Bedford Co., VA - A Bedford County man paralyzed after falling from a tree stand is urging hunters to use safety harnesses in the woods.
Saturday is the kickoff of early muzzleloader season. Hunters will head out into the woods and up in tree stands, looking for the big buck. After two recent tree stand accidents in Bedford County, Barry Arrington says their focus needs to be on safety.
"It only takes a second," said Arrington.
Arrington knows that first hand. He's been a quadriplegic since falling from a tree stand 19 years ago.
"Got up on it. Stood on the platform. Did not re-attach my safety belt and just gave a little tap on the end of the stand to make sure it's secure," said Arrington. "It gave way and I landed on my head. Instantly I knew something was wrong because my whole body was tingling."
That one moment was followed by the better part of a year in the hospital, and a lifetime in a wheelchair.
"That just moment, or lapse in judgment," said Arrington.
Neighbor Vernie Kennedy ran out to help the Arrington family when he heard the rescue squad being called that night 19 years ago.
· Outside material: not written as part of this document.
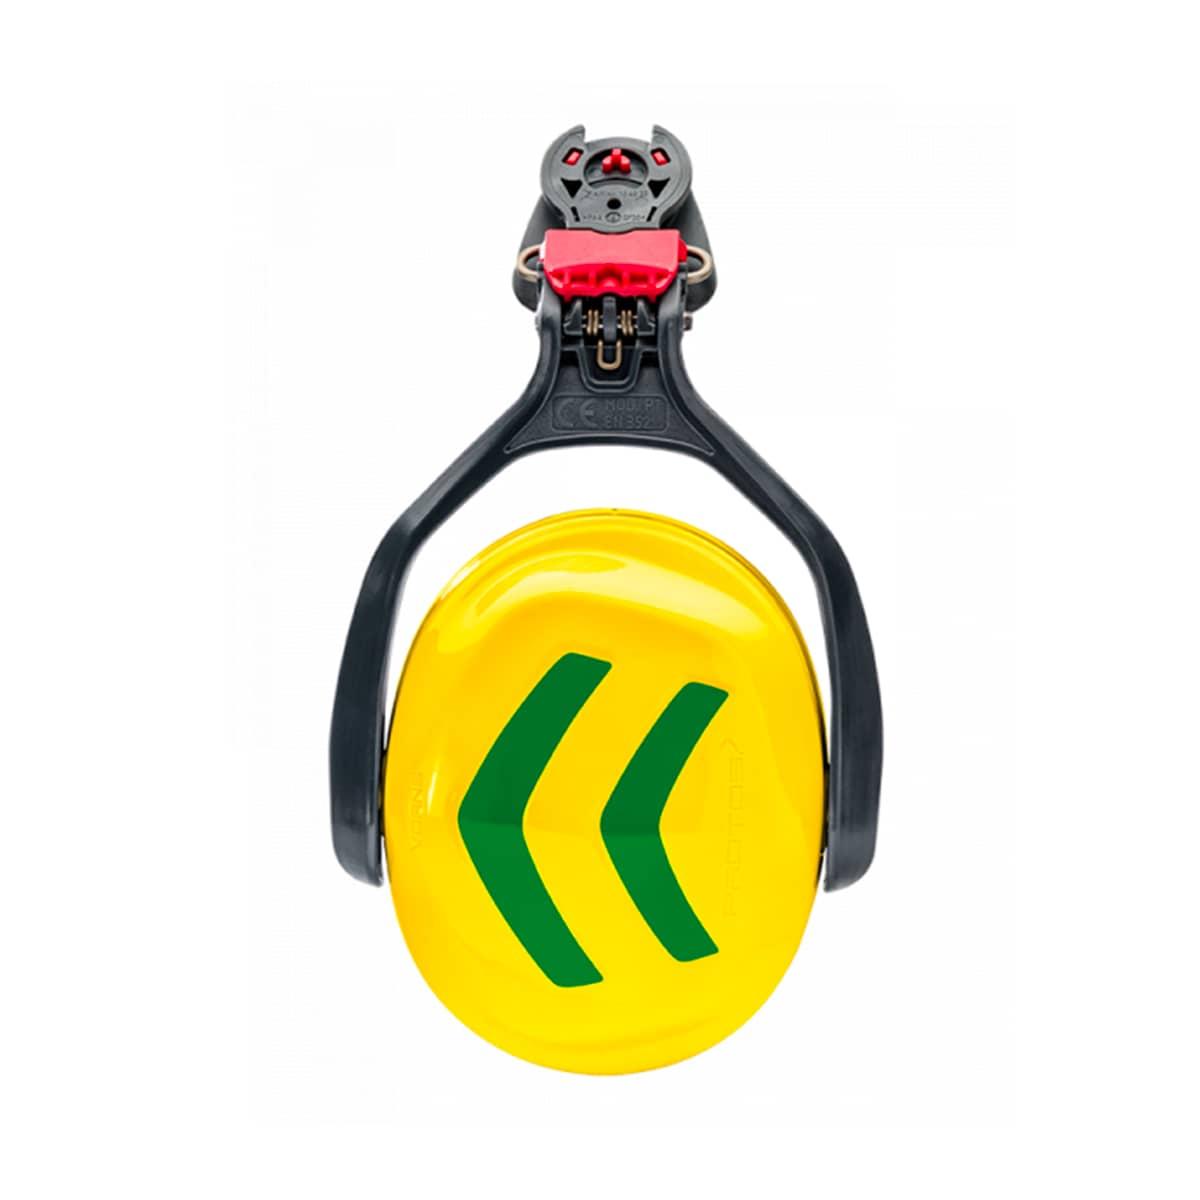 Casque Protos kit anti-bruit jaune-vert

Kennedy, a hunter education instructor, wants to help hunters do it the right way.
"About a third of all accidents occur while you're climbing up in the tree stand. A third of them while you're in the tree stand. And then a third of them getting down," said Kennedy.
Kennedy says you should look for tree stands that are TMA (Tree Stand Manufacturers Association) approved. He does not recommend homemade tree stands and says to never modify a tree stand.
Arrington will never let a moment pass that becomes a missed opportunity to share his story.
"God he's in a wheelchair. Wow. Instantly they start paying attention," said Arrington. "If just one more person gets a safety belt and uses it, it was worth it."